To get metadata that describes a table, use the aws redshift-data describe-table AWS CLI command.

The following AWS CLI command runs an SQL statement and returns metadata that describes a table. This example uses the AWS Secrets Manager authentication method.

aws redshift-data describe-table --region us-west-2 --cluster-identifier mycluster-test --database dev --schema information_schema --table sql_features --secret arn:aws:secretsmanager:us-west-2:123456789012:secret:myuser-secret-hKgPWn

The following is an example of the response.

{ "ColumnList": [ { "isCaseSensitive": false, "isCurrency": false, "isSigned": false, "length": 2147483647, "name": "feature_id", "nullable": 1, "precision": 2147483647, "scale": 0, "schemaName": "information_schema", "tableName": "sql_features", "typeName": "character_data" }, { "isCaseSensitive": false, "isCurrency": false, "isSigned": false, "length": 2147483647, "name": "feature_name", "nullable": 1, "precision": 2147483647, "scale": 0, "schemaName": "information_schema", "tableName": "sql_features", "typeName": "character_data" } ] }

The following AWS CLI command runs an SQL statement that describes a table. This example uses the temporary credentials authentication method.

aws redshift-data describe-table --region us-west-2 --db-user myuser --cluster-identifier mycluster-test --database dev --schema information_schema --table sql_features

The following is an example of the response.

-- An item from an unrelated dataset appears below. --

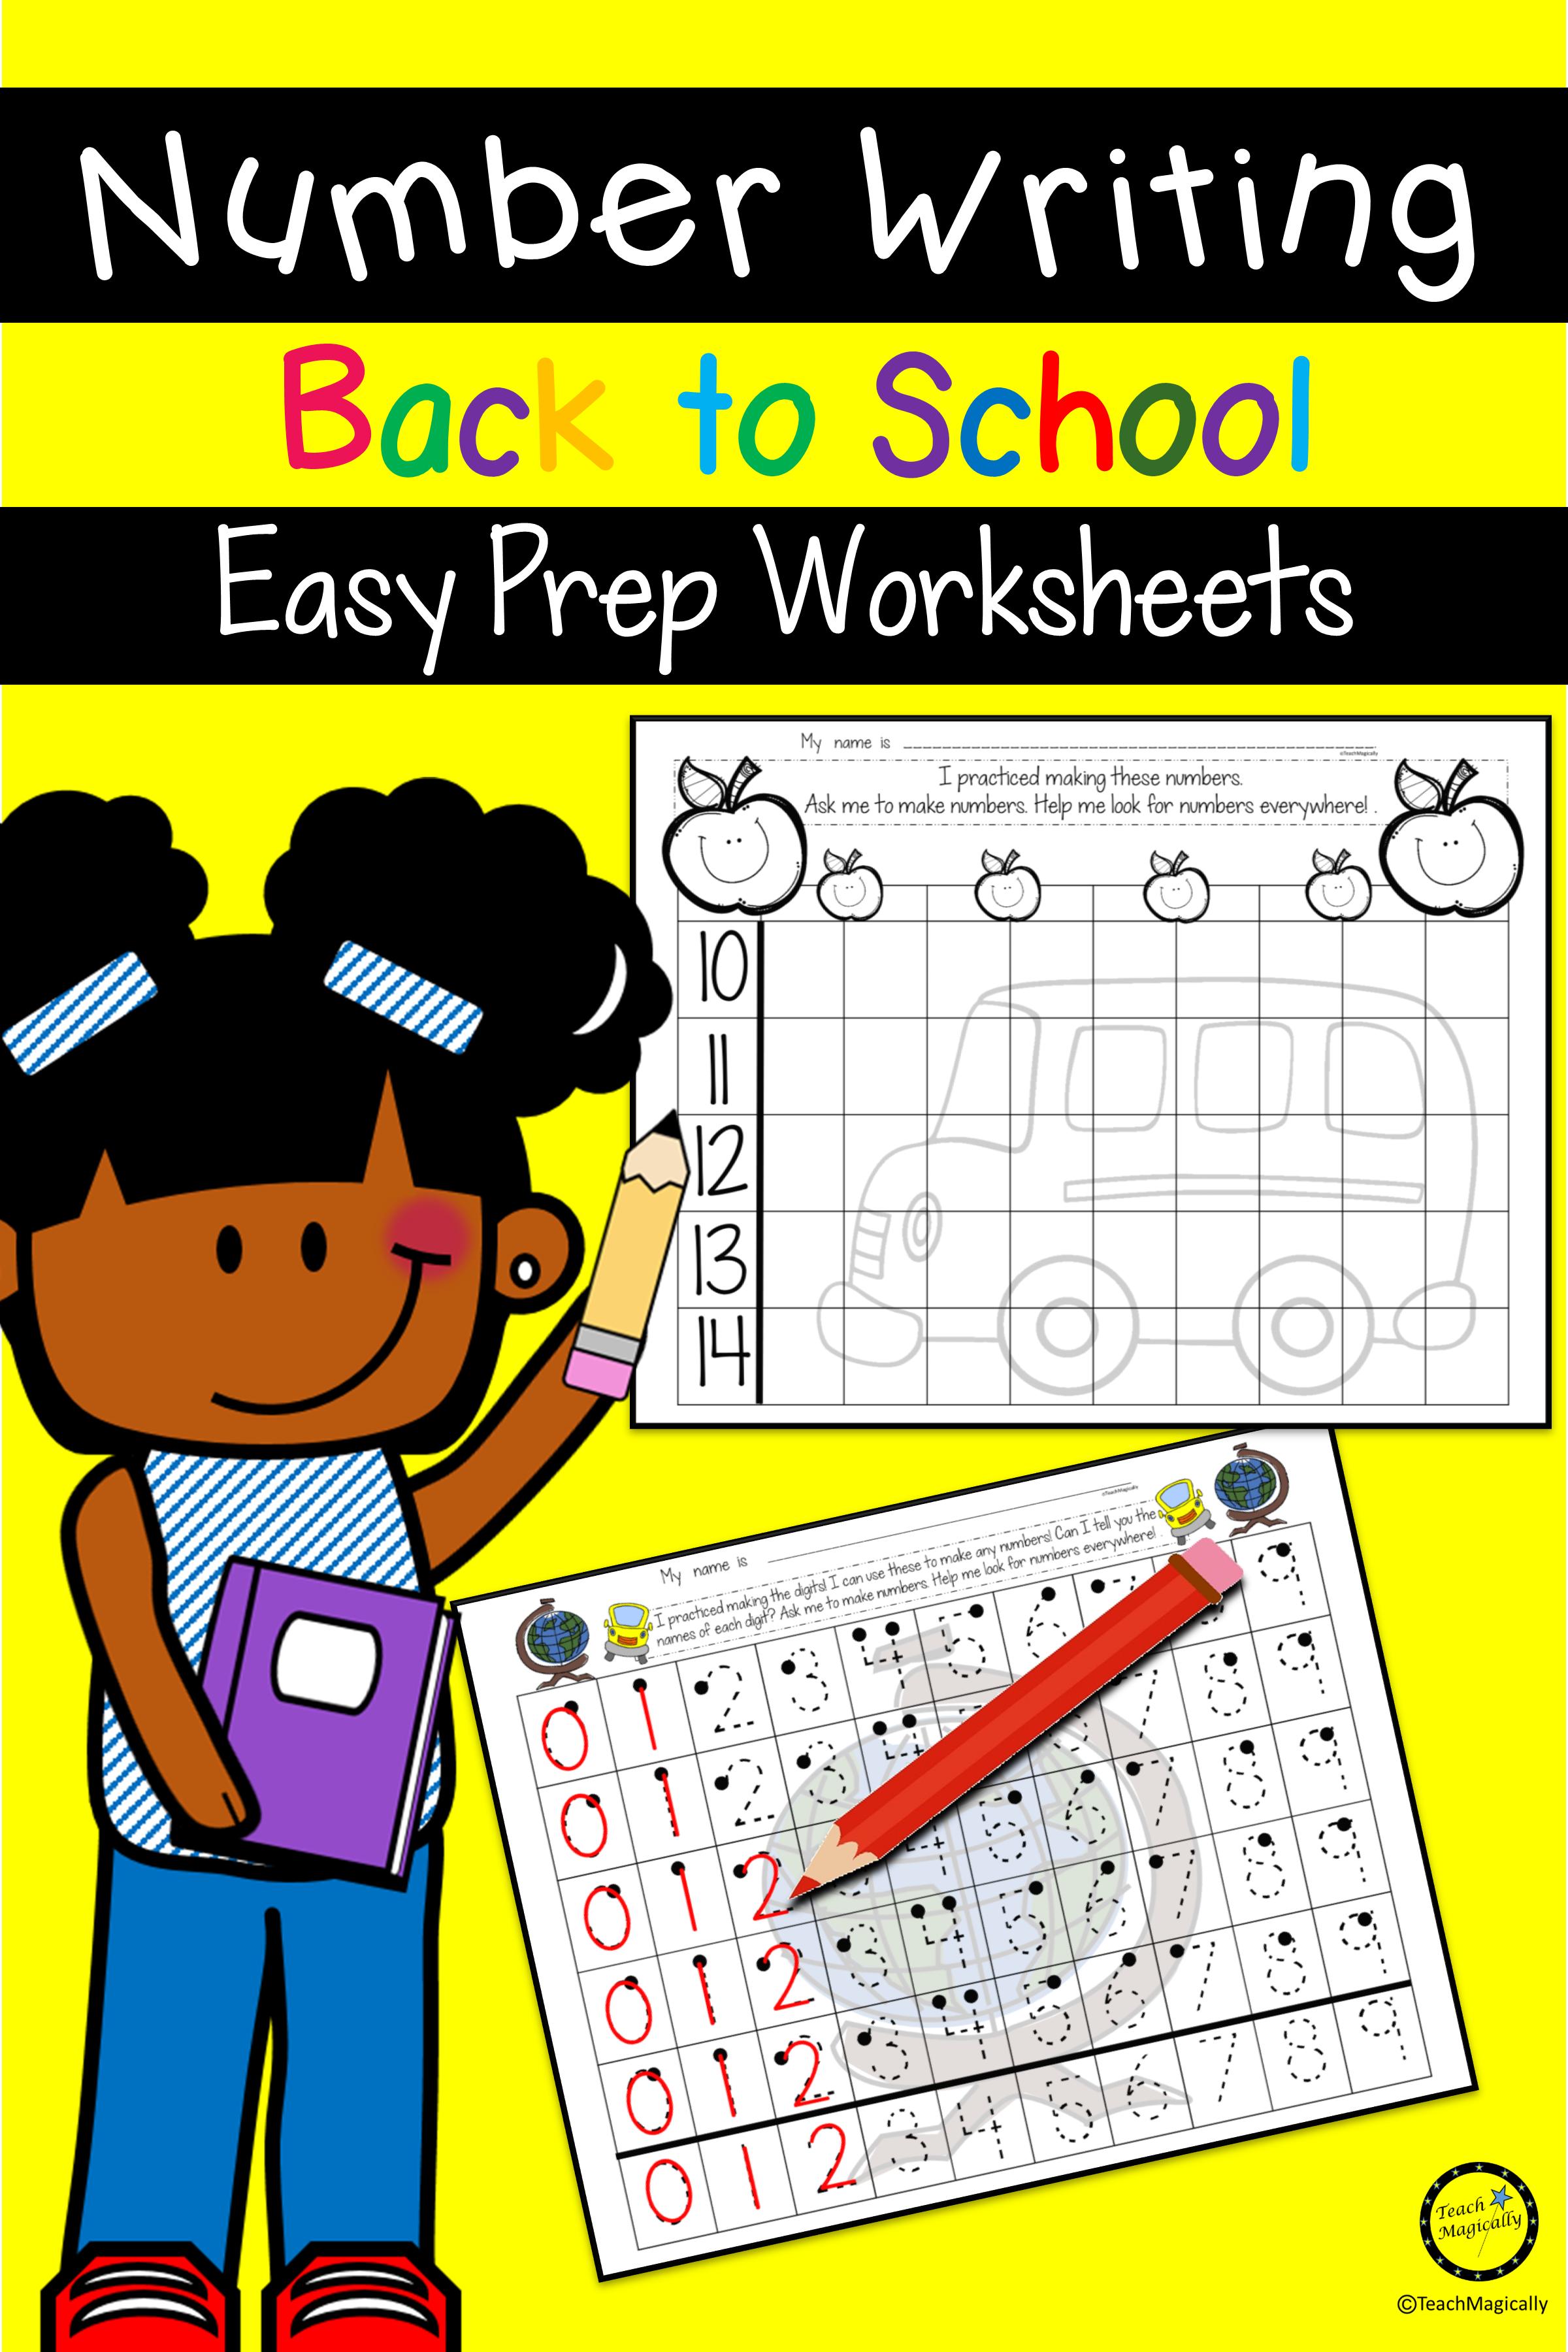 Back To School Math Number Writing Practice 1 20 Worksheets Writing Numbers Number Writing Practice Writing Practice [ 3600 x 2400 Pixel ]

{ "ColumnList": [ { "isCaseSensitive": false, "isCurrency": false, "isSigned": false, "length": 2147483647, "name": "feature_id", "nullable": 1, "precision": 2147483647, "scale": 0, "schemaName": "information_schema", "tableName": "sql_features", "typeName": "character_data" }, { "isCaseSensitive": false, "isCurrency": false, "isSigned": false, "length": 2147483647, "name": "feature_name", "nullable": 1, "precision": 2147483647, "scale": 0, "schemaName": "information_schema", "tableName": "sql_features", "typeName": "character_data" }, { "isCaseSensitive": false, "isCurrency": false, "isSigned": false, "length": 2147483647, "name": "sub_feature_id", "nullable": 1, "precision": 2147483647, "scale": 0, "schemaName": "information_schema", "tableName": "sql_features", "typeName": "character_data" }, { "isCaseSensitive": false, "isCurrency": false, "isSigned": false, "length": 2147483647, "name": "sub_feature_name", "nullable": 1, "precision": 2147483647, "scale": 0, "schemaName": "information_schema", "tableName": "sql_features", "typeName": "character_data" }, { "isCaseSensitive": false, "isCurrency": false, "isSigned": false, "length": 2147483647, "name": "is_supported", "nullable": 1, "precision": 2147483647, "scale": 0, "schemaName": "information_schema", "tableName": "sql_features", "typeName": "character_data" }, { "isCaseSensitive": false, "isCurrency": false, "isSigned": false, "length": 2147483647, "name": "is_verified_by", "nullable": 1, "precision": 2147483647, "scale": 0, "schemaName": "information_schema", "tableName": "sql_features", "typeName": "character_data" }, { "isCaseSensitive": false, "isCurrency": false, "isSigned": false, "length": 2147483647, "name": "comments", "nullable": 1, "precision": 2147483647, "scale": 0, "schemaName": "information_schema", "tableName": "sql_features", "typeName": "character_data" } ] }

To list the databases in a cluster

To list the databases in a cluster, use the aws redshift-data list-databases AWS CLI command.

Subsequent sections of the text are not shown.